Lekeisha Pergoliti

Personal information
- Nationality: Australian
- Born: 20 April 2002 (age 24) Bunbury, Western Australia, Australia

Boxing career

Medal record
Women's amateur boxing
Representing Australia
World Championships
| Silver medal – second place | 2025 Liverpool | 70 kg |

= Lekeisha Pergoliti =

Australian boxer (born 2002)

Lekeisha Pergoliti (born 20 April 2002) is an Australian boxer. She is a silver medalist at the World Boxing Championships, having done so in the 2025 edition 70 kg category.

==Early life==
Pergoliti was born on 20 April 2002 in Bunbury, Western Australia.

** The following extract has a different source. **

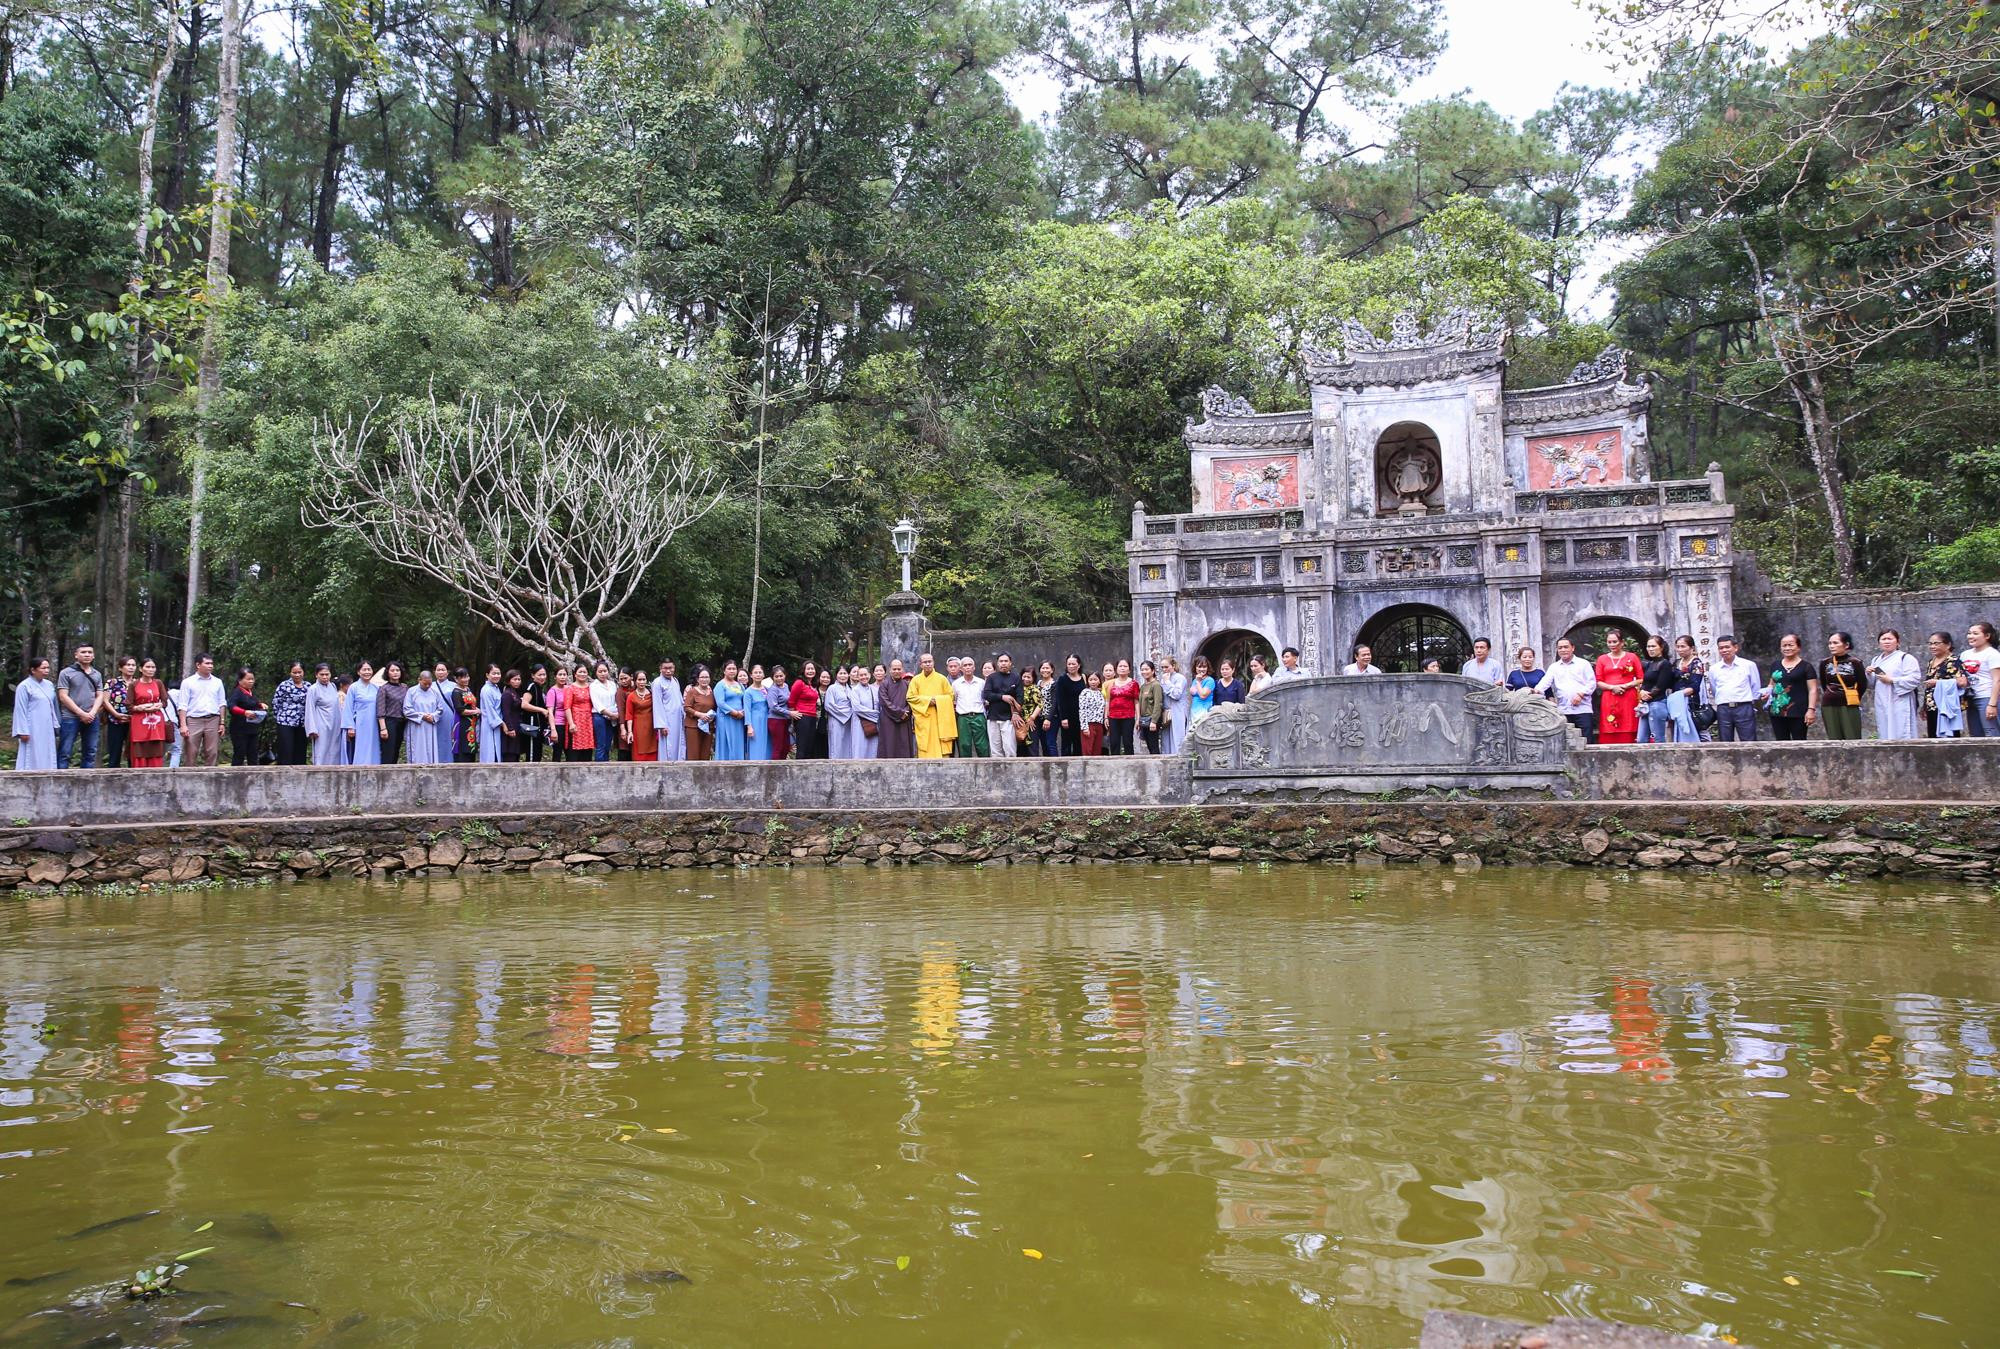 Chùa Từ Hiếu  ở thôn Dương Xuân Thượng III, phường Thủy Xuân, thành phố Huế, tỉnh Thừa Thiên-Huế, là một trong những ngôi cổ tự lớn và là một danh lam có tính văn hóa và lịch sử của cố đô Huế.

She was born to parents of Italian ancestry and has a younger sister. At the age of 11, she took up soccer and basketball and three years later, she took up boxing. Around this time, she had broken her ankle, which led her to focus on boxing.

==Amateur career==
In 2018, Pergoliti won the state, national, and National Golden Gloves titles at the junior and youth levels. The following year, she would repeat this feat while in the women's welterweight category. She won the state title once more in 2022, this time at the Elite Senior level.

Pergoliti competed in the 70 kg category of the 2025 World Boxing Championships held in Liverpool, England. She defeated Bárbara Maria dos Santos in the round of 16, Lisa O'Rourke in the quarterfinals and Aziza Zokirova in the semifinals. In the gold medal match, she lost to Natalya Bogdanova 5-0.